By Alex Gladden
During the weeklong Design Camp session held on the University of Arkansas campus in Fayetteville last week, students and their instructors took one day for a field trip. They visited both Mildred B. Cooper Memorial Chapel and Crystal Bridges Museum of American Art, which allowed them to experience world-class art and architecture.
“Many have already been to these places, but it’s a different perspective,” said Noah Billig, a Design Camp instructor.
Chris O’Neal, a high school senior from Marion, Arkansas, was among the students who were in the Design I group, which was for first-time campers. O’Neal had been to Crystal Bridges around five times previously but had never been to Cooper Chapel. He said that while he was excited to visit both locations, he was more excited to visit Cooper Chapel.
Both Cooper Chapel and Crystal Bridges were created within the context of their landscapes, which is important because it teaches the students how to make their buildings match the space, said Carly Bartow, a Design Camp teaching assistant.

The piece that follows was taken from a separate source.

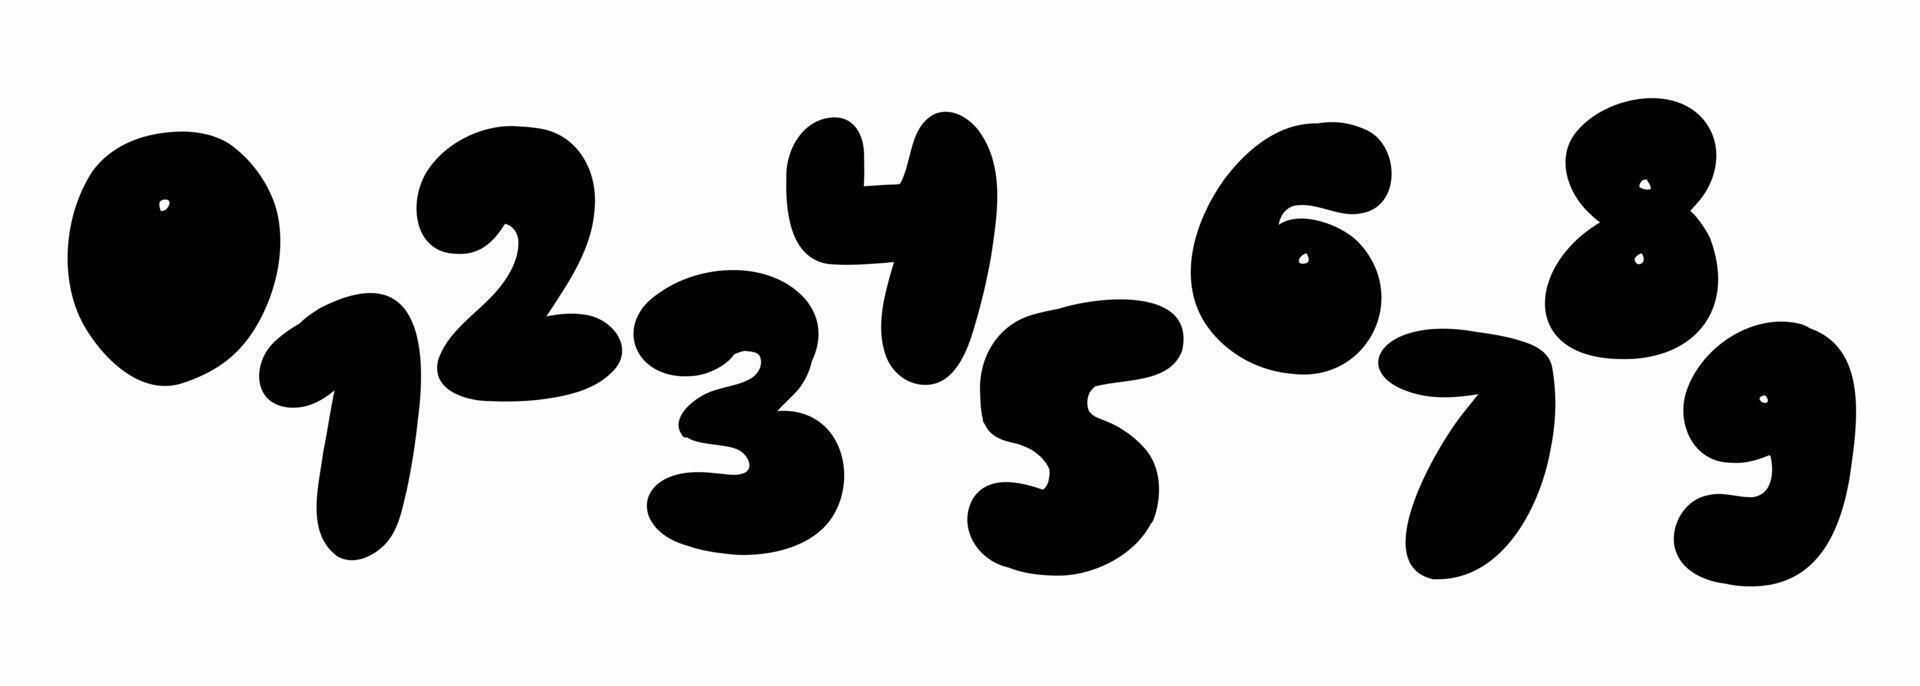 Hand drawn style digits numbers font vector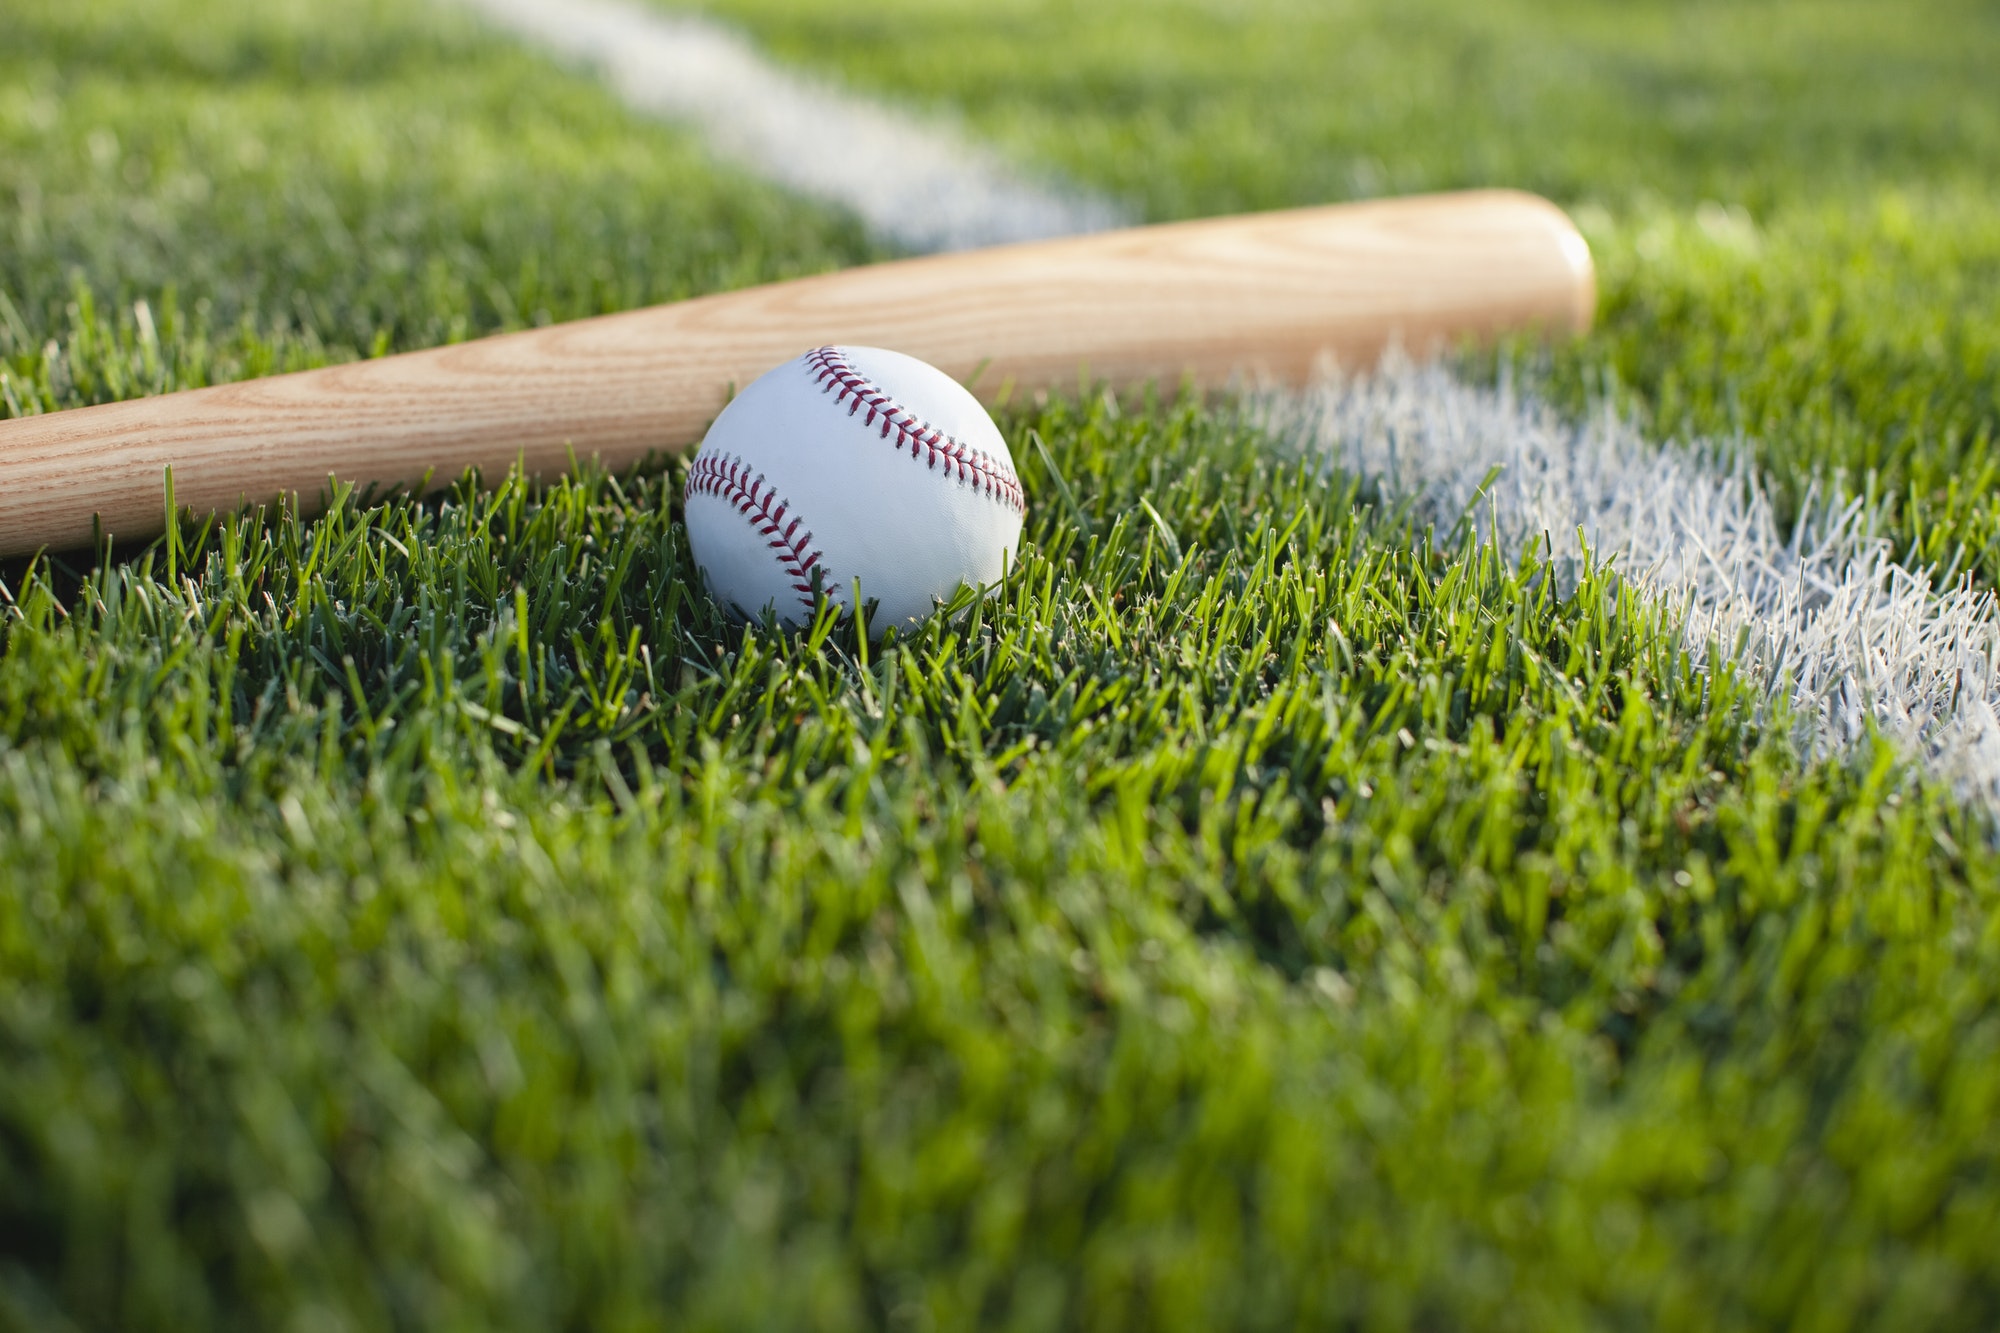 Baseball and Bat on Grass Field with White Stripe

The students first rode the bus from the university campus to Cooper Chapel in Bella Vista. While in the chapel, the instructors gave the students a brief history of Fay Jones, who was born in Pine Bluff and grew up in El Dorado.
“Jones often talked about being influenced by growing up in Arkansas and the cave and the tree house – being grounded and lifted up,” said Alison Turner, an instructor and director of Design Camp.
While at Cooper Chapel, the instructors encouraged the students to sketch a section drawing of the chapel. They were specifically supposed to focus on the transition from interior to exterior.
“How does the landscape bleed out from the building, and how does the building emerge from the landscape?” Billig said.
Previous Design Camp students from the past four years also have visited Cooper Chapel, which is a great example of Jones’ work and architecture in landscape, Turner said.
Following the visit to Cooper Chapel, the students traveled to Crystal Bridges in Bentonville.
“We picked Crystal Bridges because there are just so many opportunities and things for them to see,” Turner said.
Crystal Bridges is one of the best, if not the best, collections of American art, Billig said.
When the students arrived at Crystal Bridges, they walked to the Tulip Tree Shelter, where they had a quick lunch. At the shelter, the instructors used the structure as an example of how an outdoor classroom, the design project for Design I students, could be designed.
While at Crystal Bridges, the students toured the gallery and examined the trail system; the Bachman-Wilson House, designed by Frank Lloyd Wright; the home’s Welcome Pavilion; and the museum’s store.
In the gallery, the instructors told the students to go through the exhibits and find a piece of art that spoke to them. The students were then supposed to sit in front of the piece and sketch how it made them feel through gestural sketching.
The students were not scheduled to tour inside the Bachman-Wilson House, but one group was allowed inside due to a break between scheduled public tours. This gave the students an insight to how precise Wright’s designs were.
The students were able to observe how the cracks in the floor lined up perfectly with the furniture. A museum official said that, at sunset, the sun cast shadows on the floor that also lined up with the cracks – all features that Wright specifically designed.
All of the students were able to see the Bachman-Wilson House from the outside and visit the Welcome Pavilion, which was designed and built by Fay Jones School students.
The students also visited the museum store, designed by Marlon Blackwell Architects of Fayetteville, to examine the interior design.
Field trips are an important tool in teaching because “there’s only so much you can describe verbally,” said Carl Smith, a Design Camp instructor.
Morgan Strickland, a Design Camp teaching assistant, said that she thought the daylong field trip was the most enjoyable part of the camp.
The Design Camp field trip is set up similarly to the field trips that Fay Jones School students take each year as part of their studios, Turner said.
Strickland said that she could relate to students because the field trip she attended as a first-year architect student allowed her to learn a lot.
Experience is very important, Smith said.
“It tends to live longer in their memories,” he said.